Esta relação entre os sexos aparece no capitalismo como hierarquia, dominação e
autoridade. Esta experiência da “hierarquia social é uma experiência que se revive em cada
contato imediato que cada um de nós tem com o sexo oposto. Por isto é impossível pensar em
uma sociedade igualitária, não hierárquica e democrática se as primeiras relações entre os sexos
não são” (CAROSIO,2010, p.75). Ao mesmo tempo que a ruptura com essa hierarquia é condição
para a construção de uma nova sociedade, a emancipação da mulher necessita de uma
transformação social radical para conseguir realizar-se.

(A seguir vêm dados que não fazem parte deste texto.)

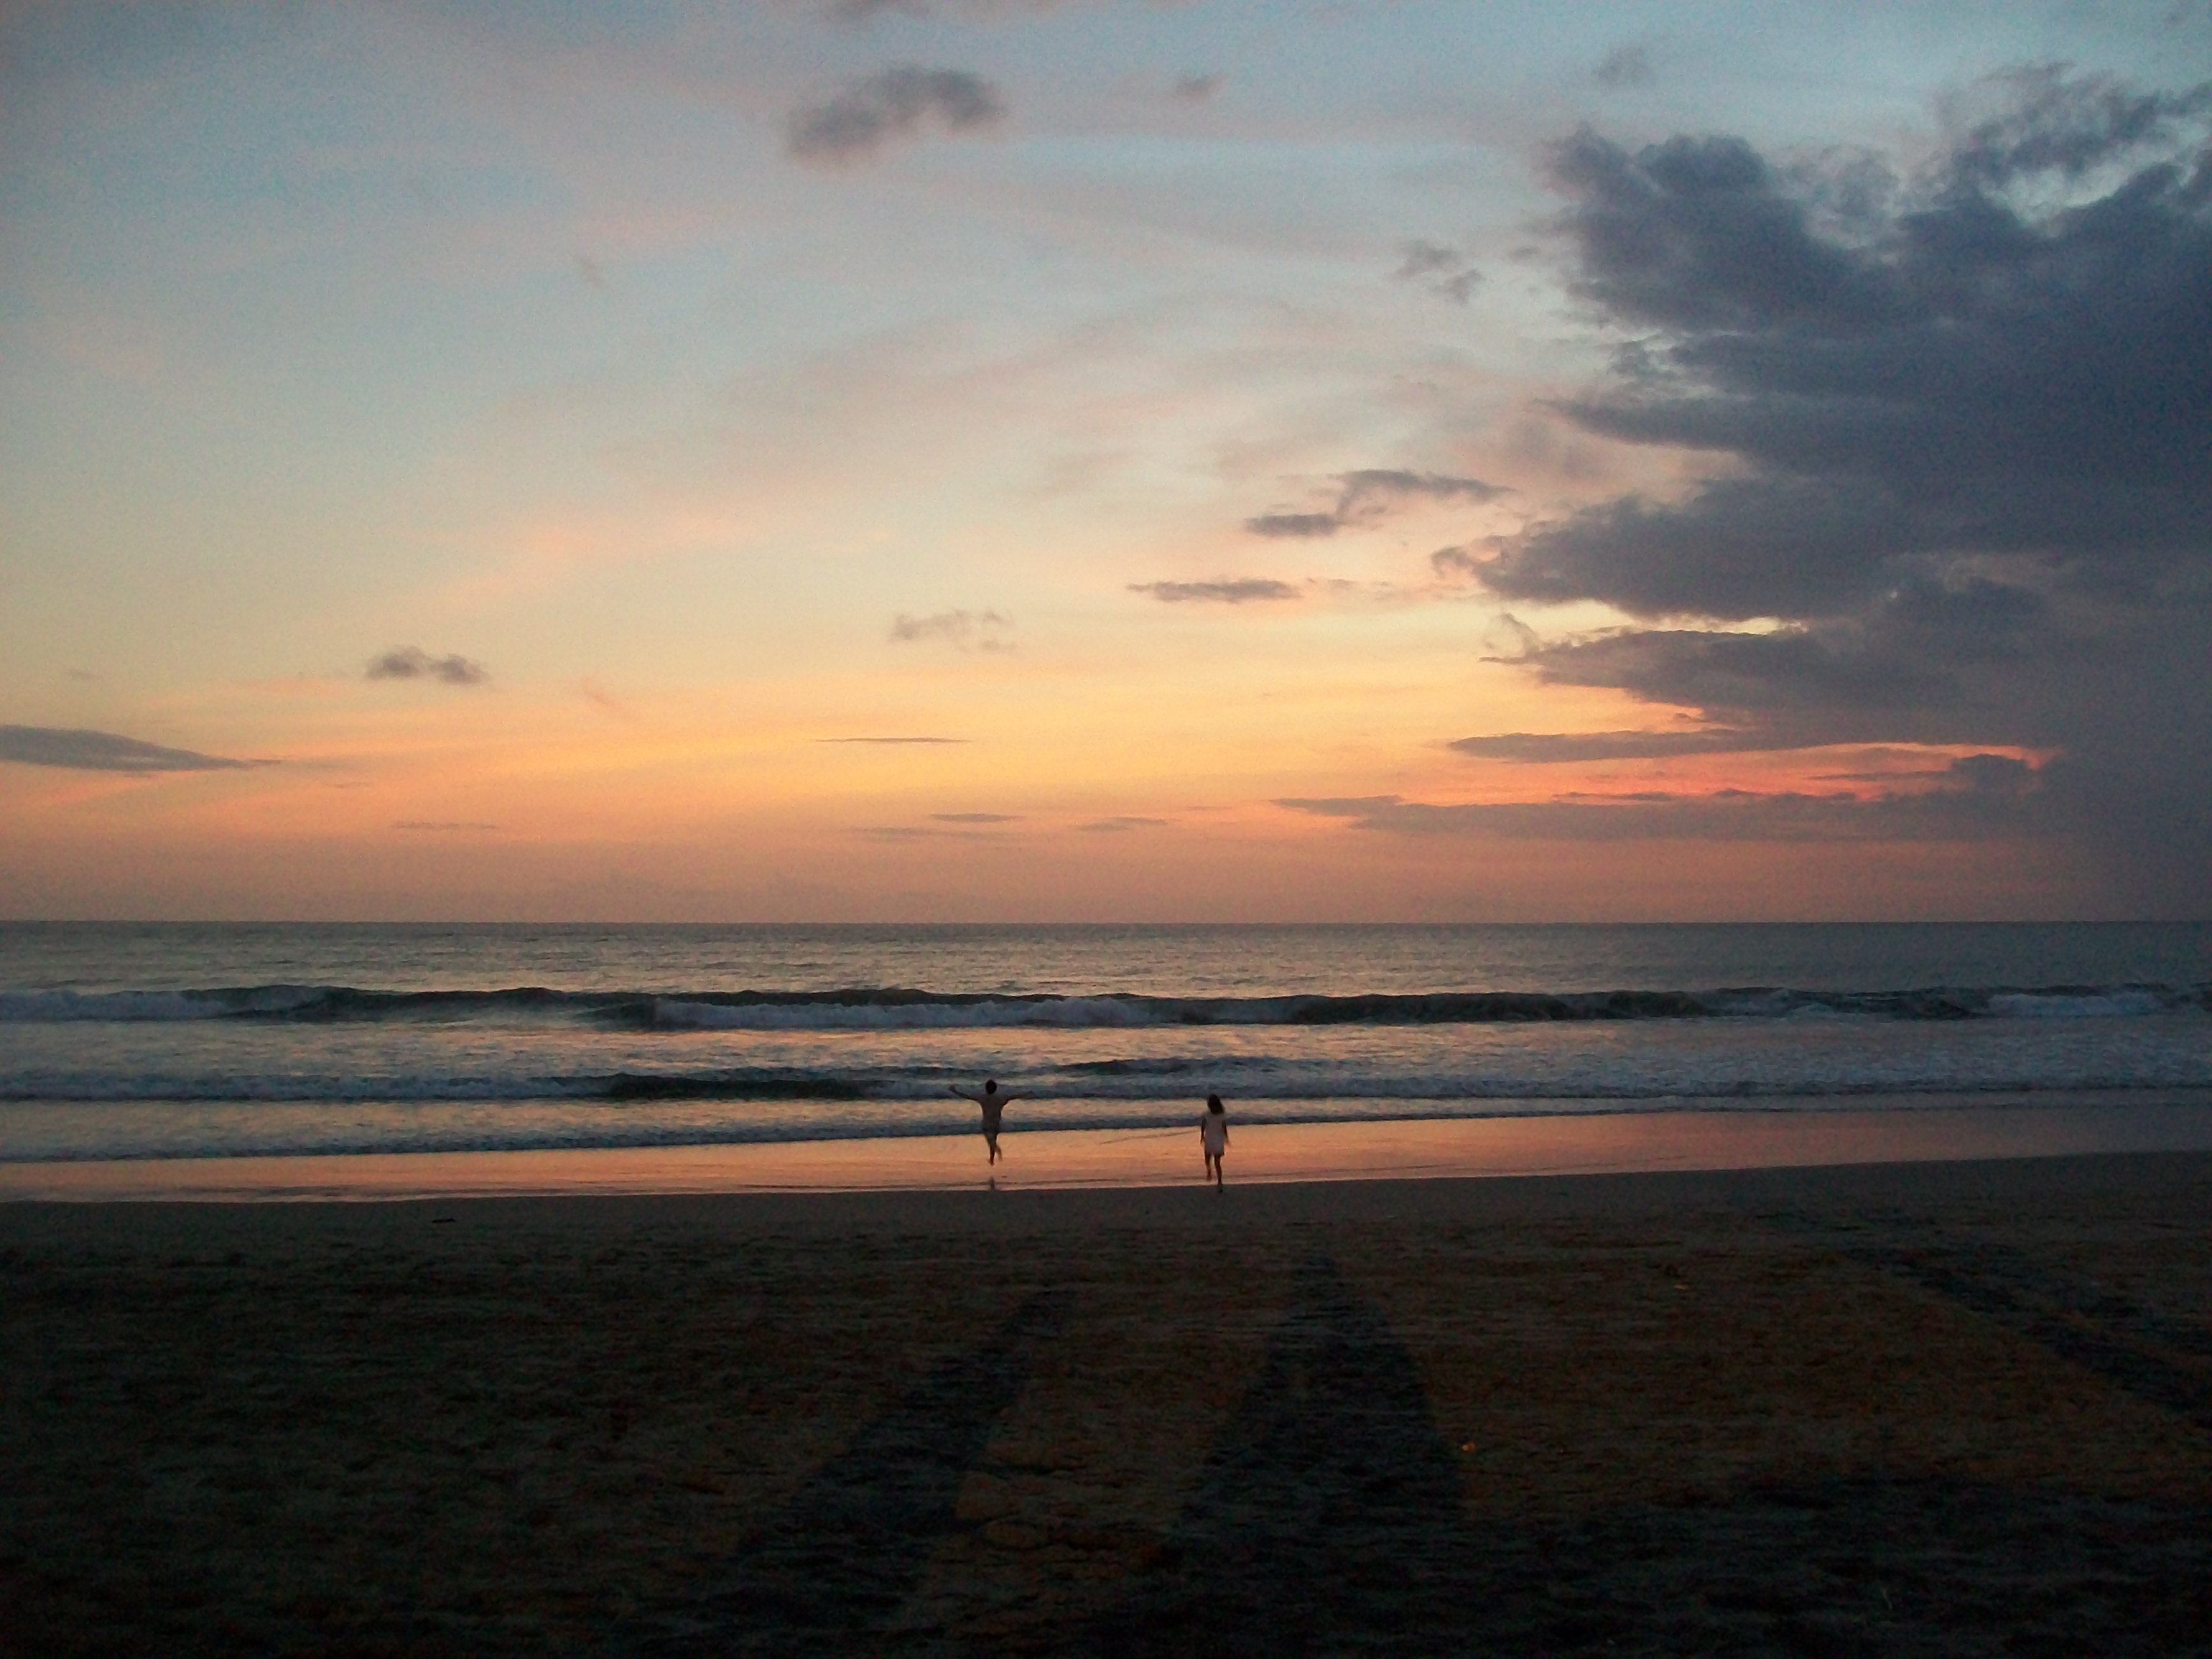 sunsets_(7).JPG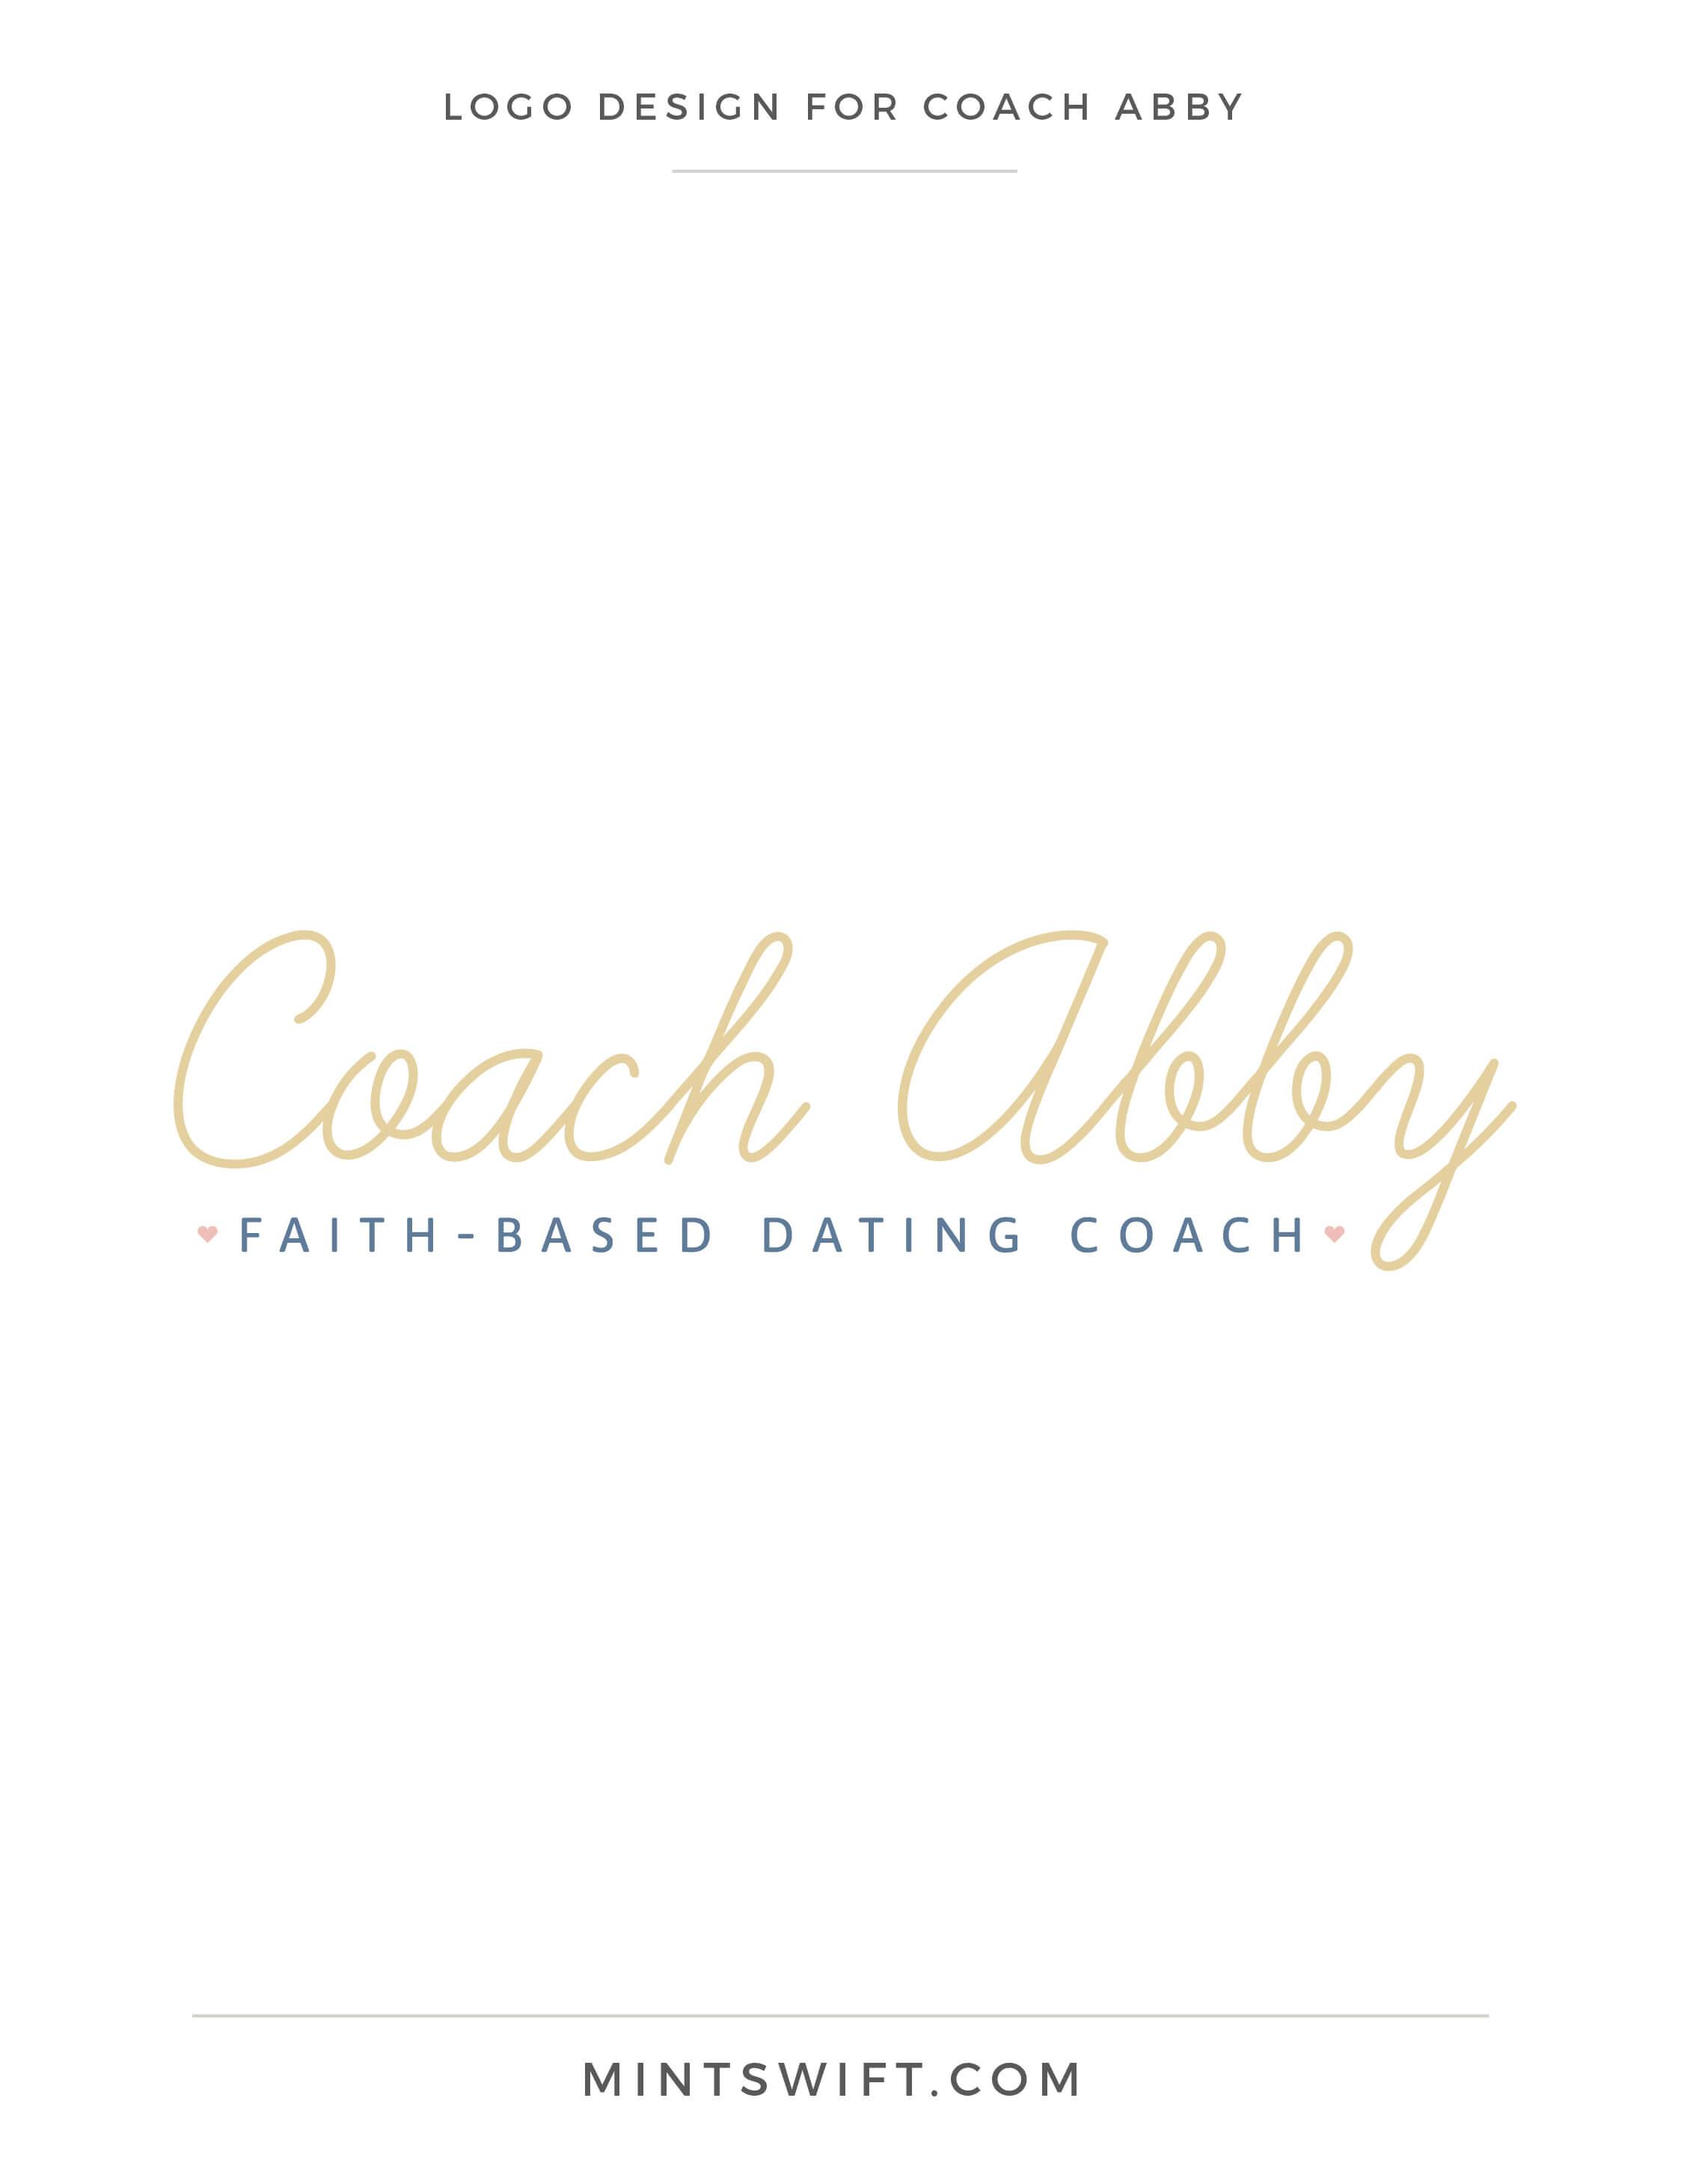 Coach Abby - Logo Design - Brand Design - MintSwift

Assim, superar a opressão da mulher não
implica somente conquistar as esferas públicas, criar direitos políticos e civis ou adquirir
independência econômica, ainda que tais conquistas sejam necessárias. Implica na transformação
total e radical de toda a sociedade.
Historicamente a mulher é criada para a reprodução do particular. Suas expectativas e
seus interesses são estimulados para a reprodução da particularidade, tanto a de si como a de
outros, principalmente por meio do casamento e da maternidade. As esferas não cotidianas (arte,
política, ciência) além de serem desestimuladas historicamente foram proibidas para as mulheres,
apesar de sempre haver mulheres que lutaram contra tais proibições e produziram grandes obras.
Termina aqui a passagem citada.